═══ Data extract ═══
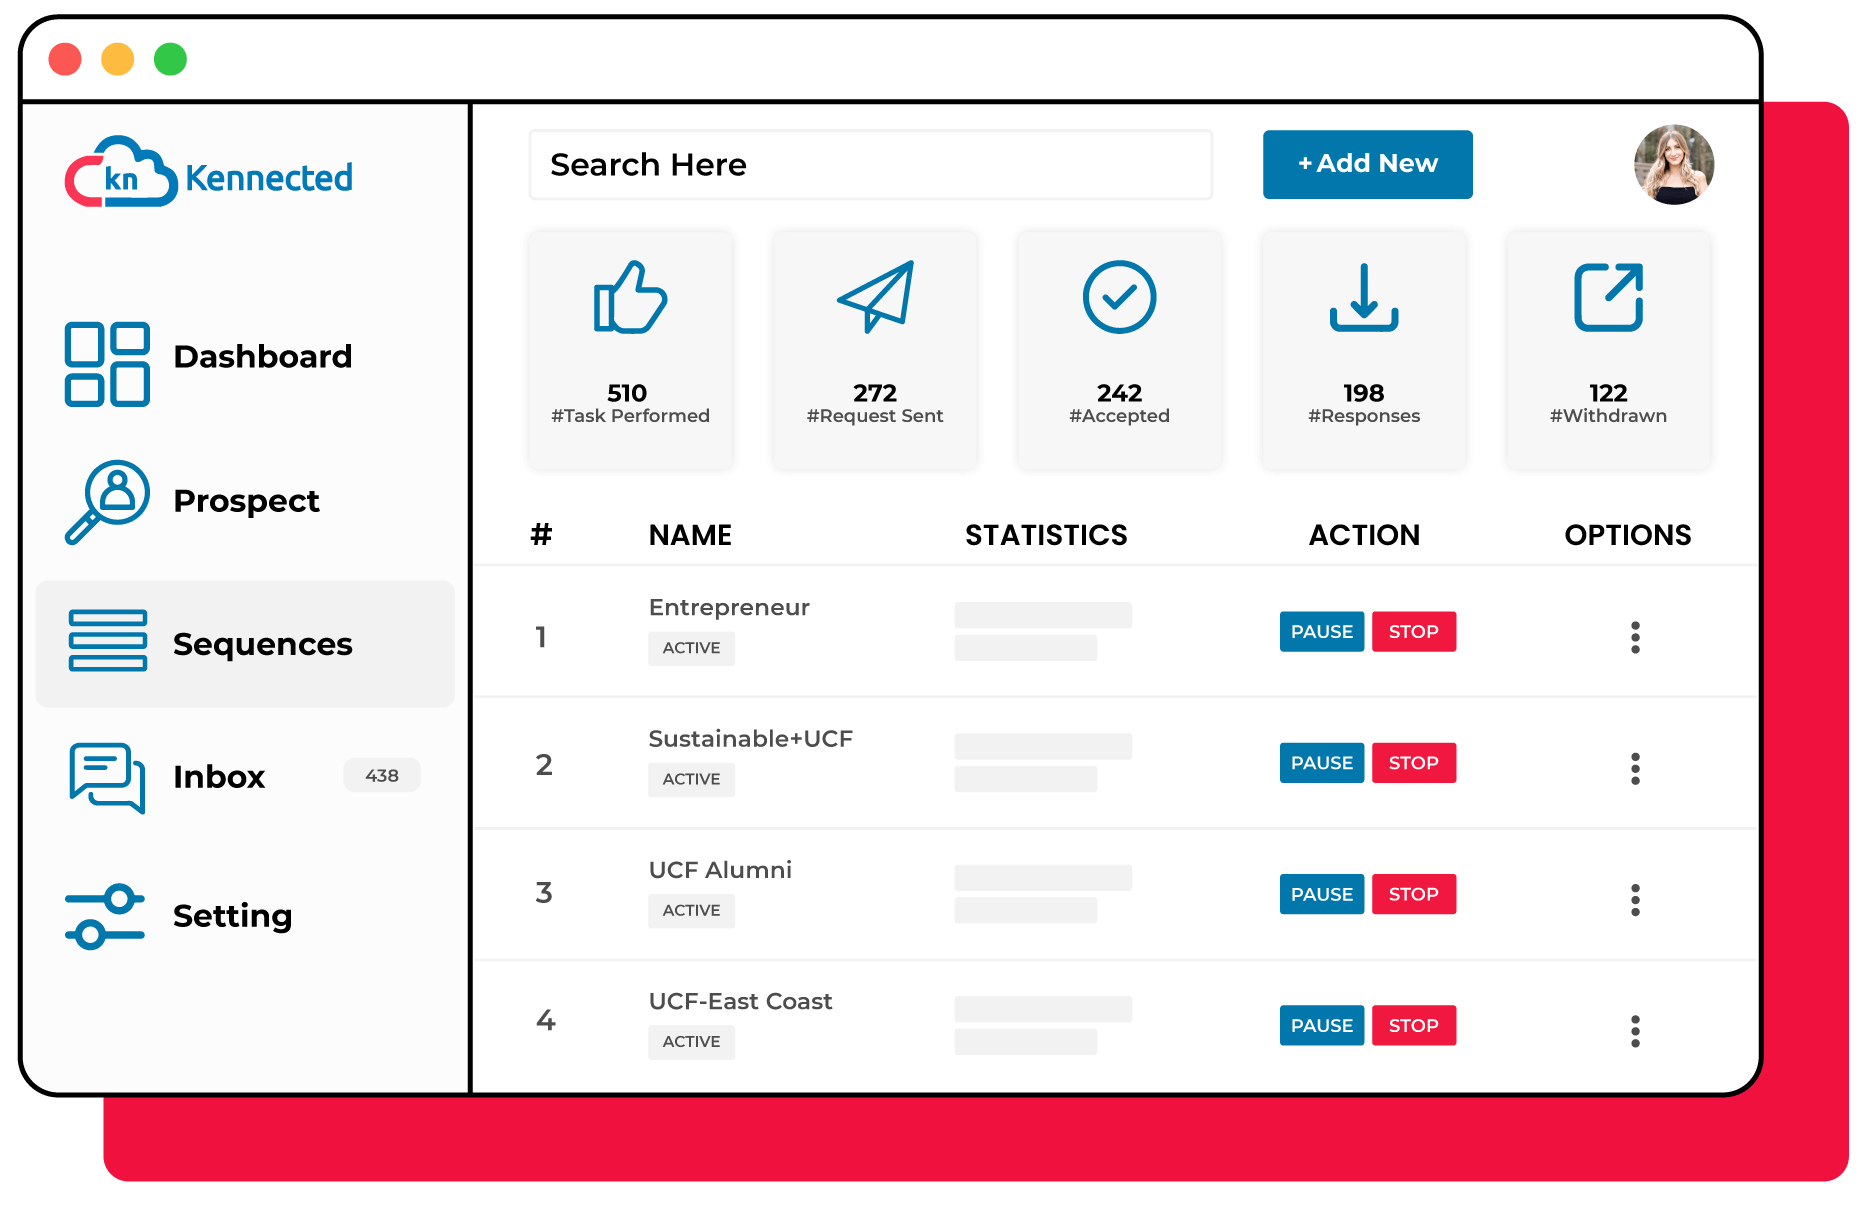 Get Key Insights With Campaign Metrics: With our detailed and real time analytics dashboard, you’re able to see which campaigns are driving the most results and track the health of your account based on your LinkedIn SSI score.
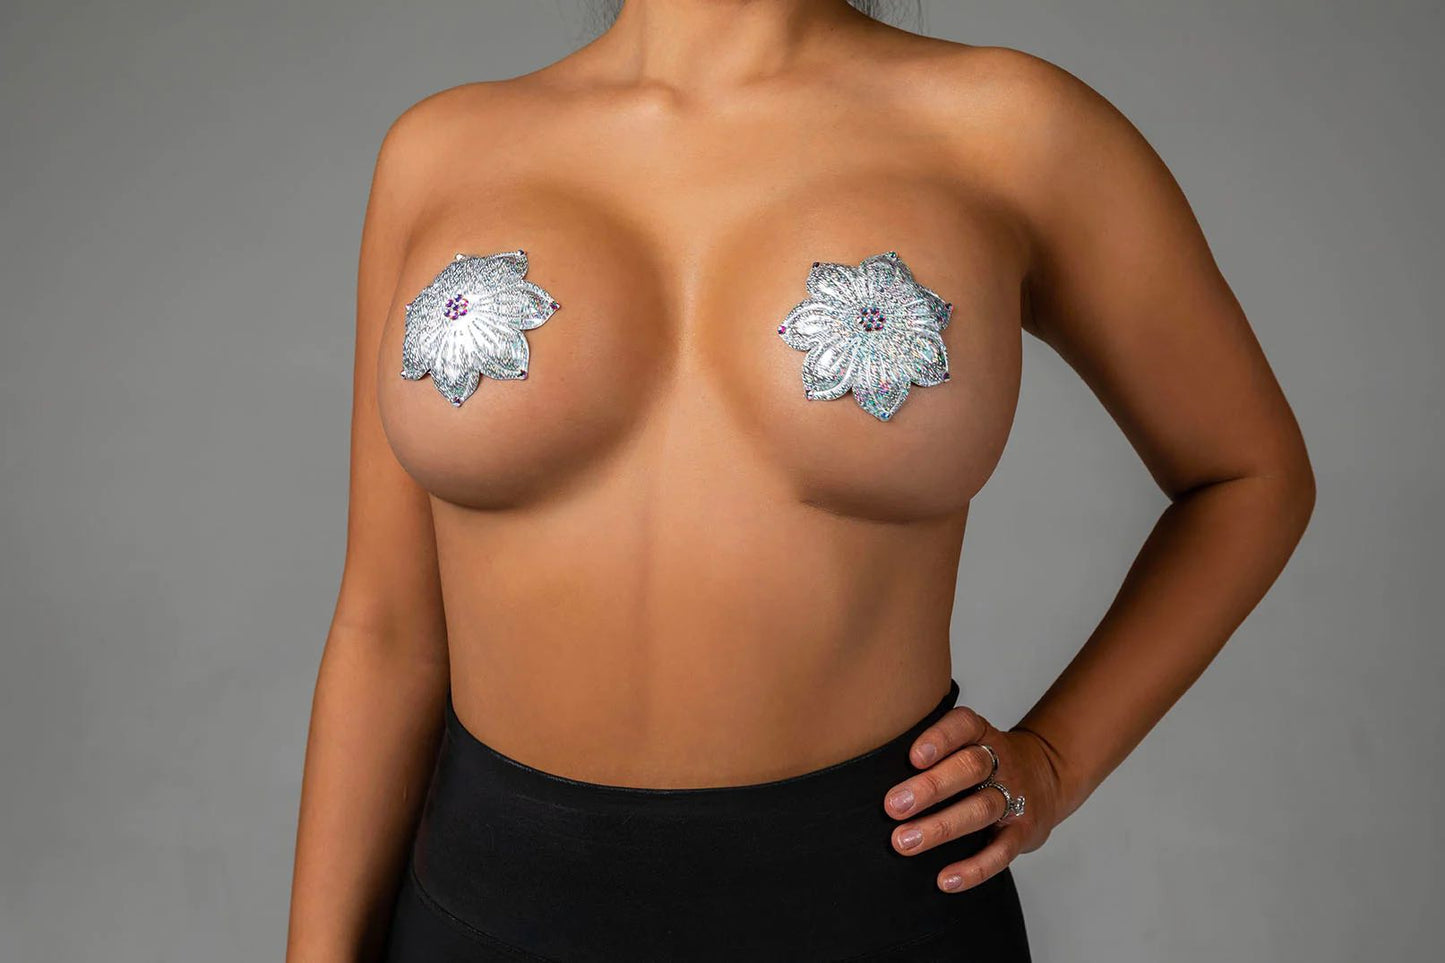 A model wearing the Silver Iridescent Speckle Miami Deluxe Reusable Pasties by Blissidy.
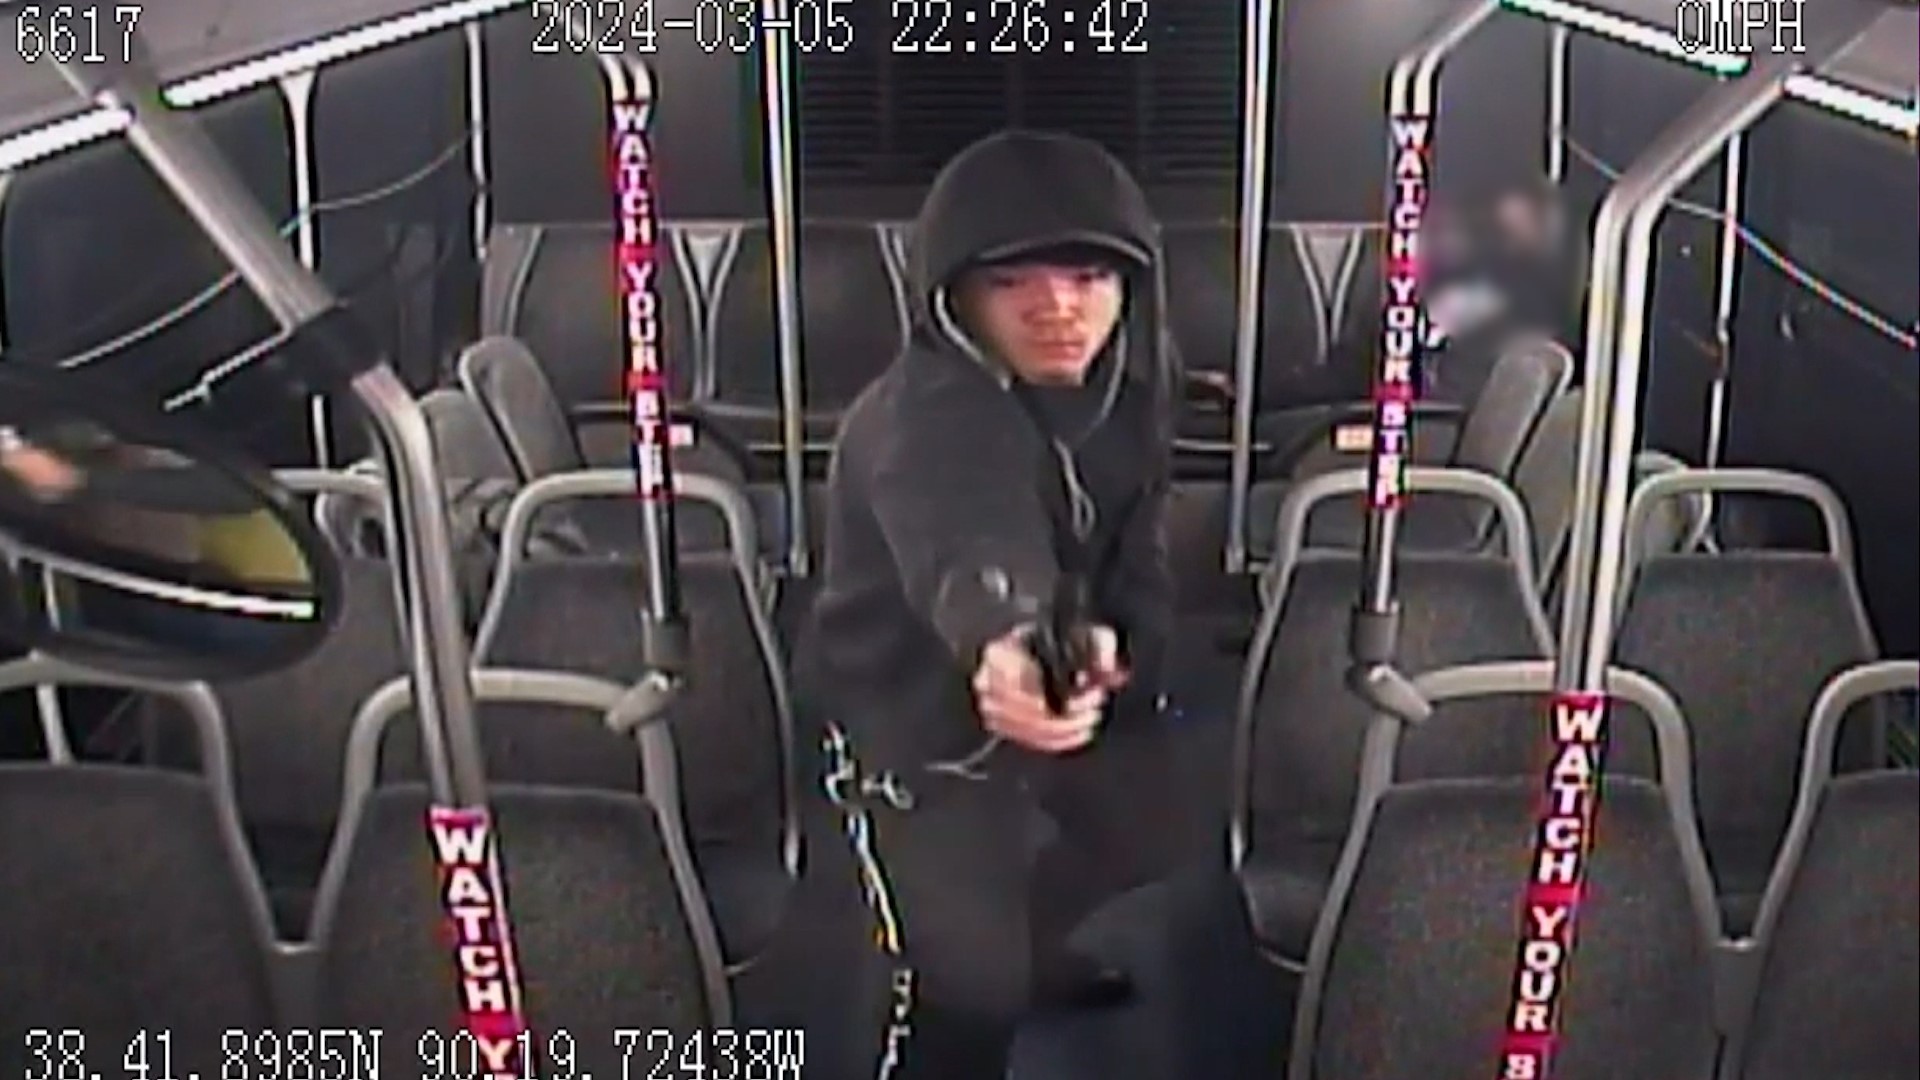 Police are working to identify the man who shot and injured another passenger on a MetroBus in Vinita Park last week.
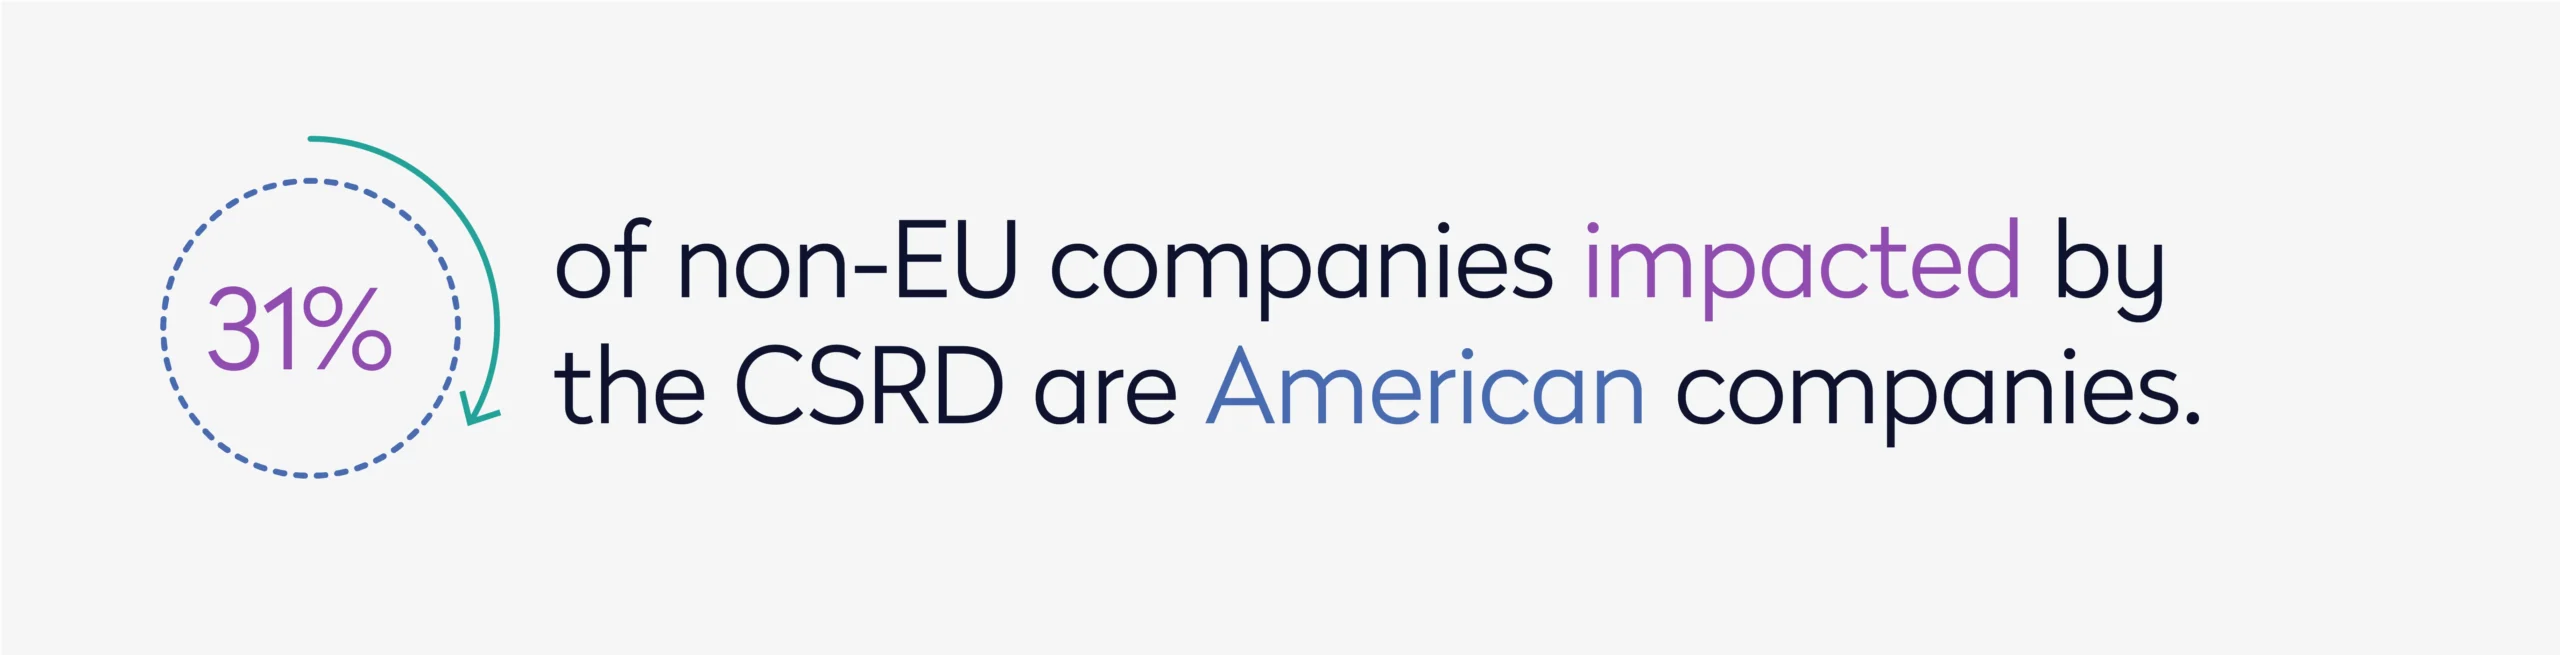 31 percent of non-EU companies impacted by the CSRD are American companies
═══
Print out the whole listing word for word. Leave the pictures out.

 Get Key Insights With Campaign Metrics: With our detailed and real time analytics dashboard, you’re able to see which campaigns are driving the most results and track the health of your account based on your LinkedIn SSI score.
 A model wearing the Silver Iridescent Speckle Miami Deluxe Reusable Pasties by Blissidy.
 Police are working to identify the man who shot and injured another passenger on a MetroBus in Vinita Park last week.
 31 percent of non-EU companies impacted by the CSRD are American companies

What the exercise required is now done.